# [Dataset records]

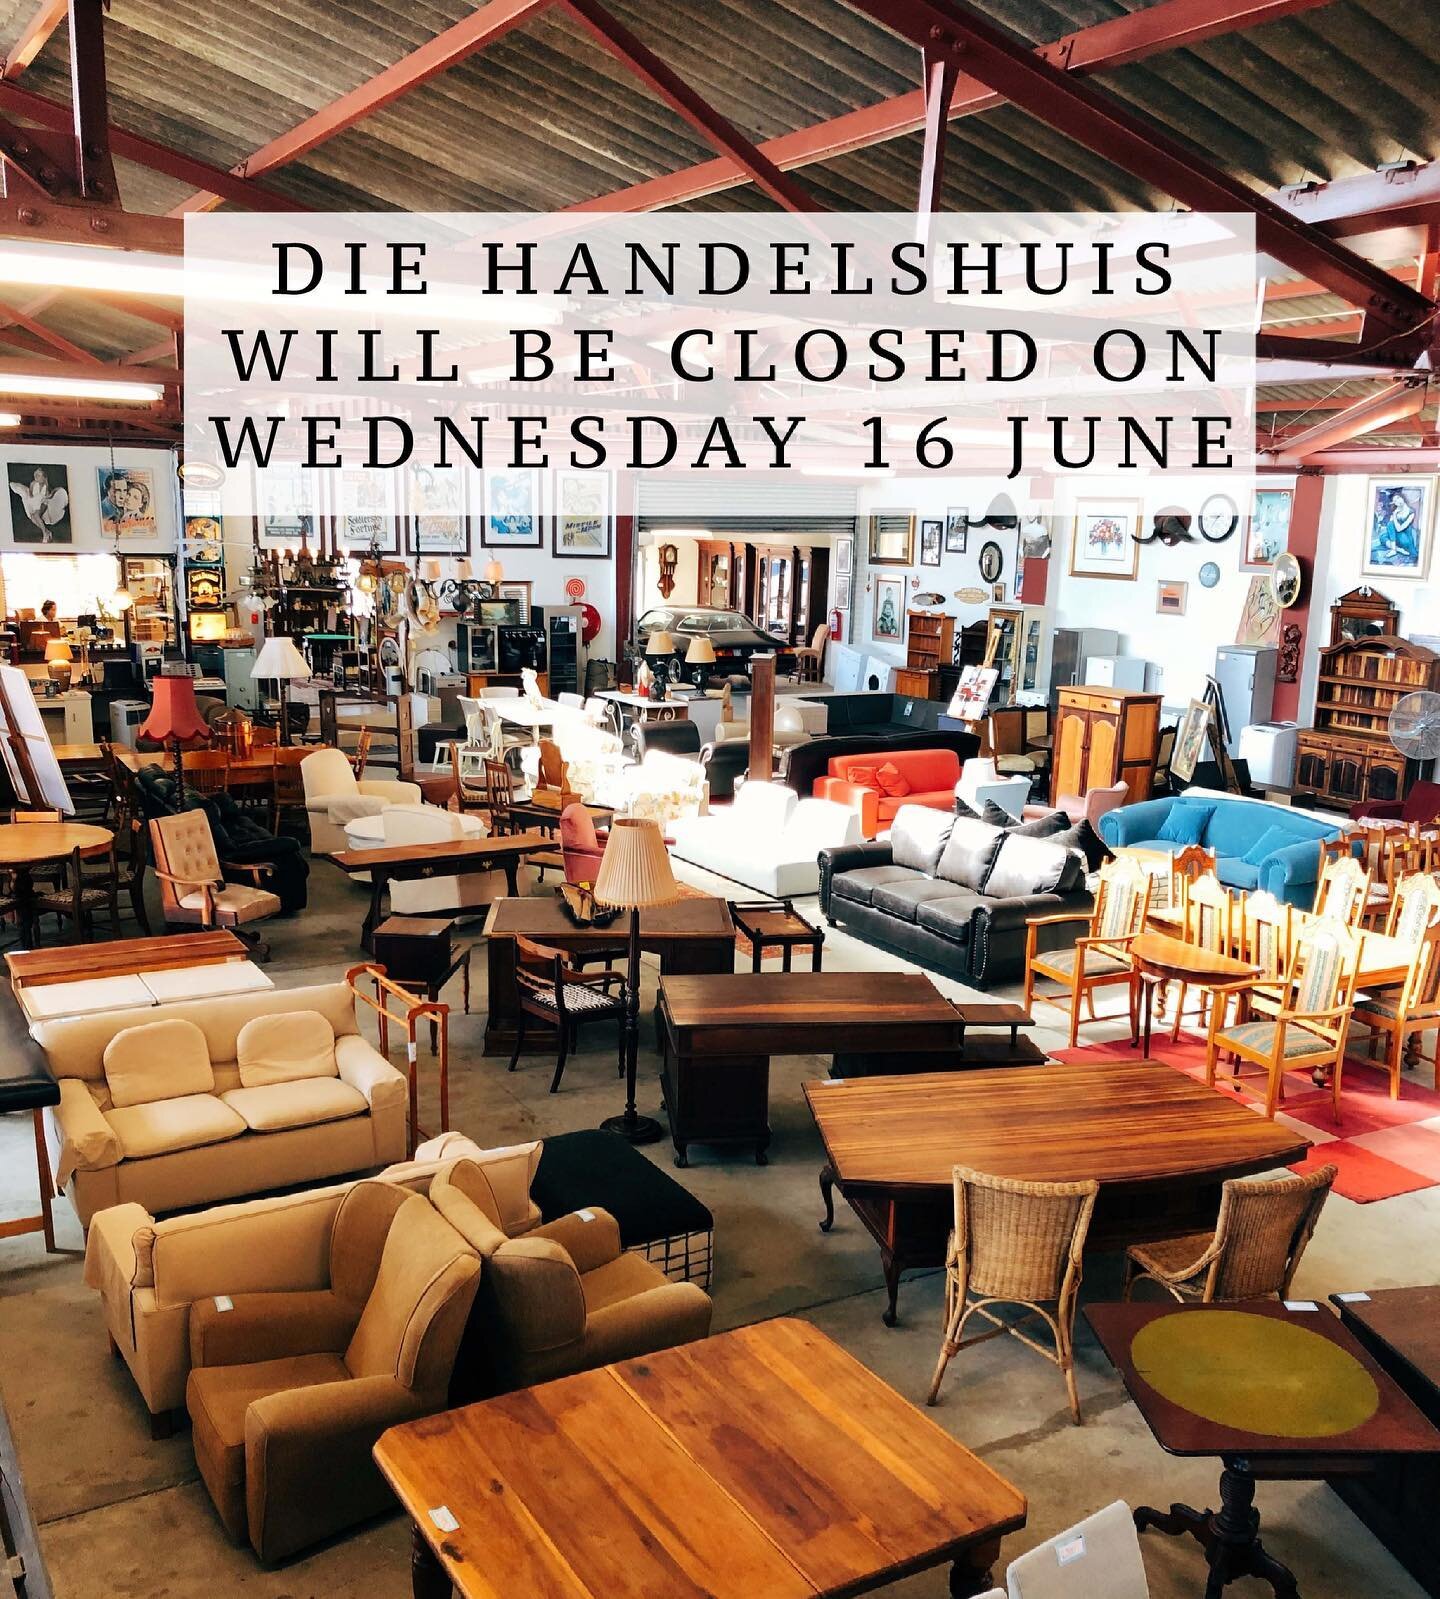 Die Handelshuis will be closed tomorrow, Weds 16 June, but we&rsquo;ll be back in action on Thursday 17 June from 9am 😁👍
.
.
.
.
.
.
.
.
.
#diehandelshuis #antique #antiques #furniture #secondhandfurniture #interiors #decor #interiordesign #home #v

# [TASK TO COMPLETE]
Omit every picture, then repeat the remaining data exactly as it appears above.

# [EXERCISE RESULT]
 Die Handelshuis will be closed tomorrow, Weds 16 June, but we&rsquo;ll be back in action on Thursday 17 June from 9am 😁👍
.
.
.
.
.
.
.
.
.
#diehandelshuis #antique #antiques #furniture #secondhandfurniture #interiors #decor #interiordesign #home #v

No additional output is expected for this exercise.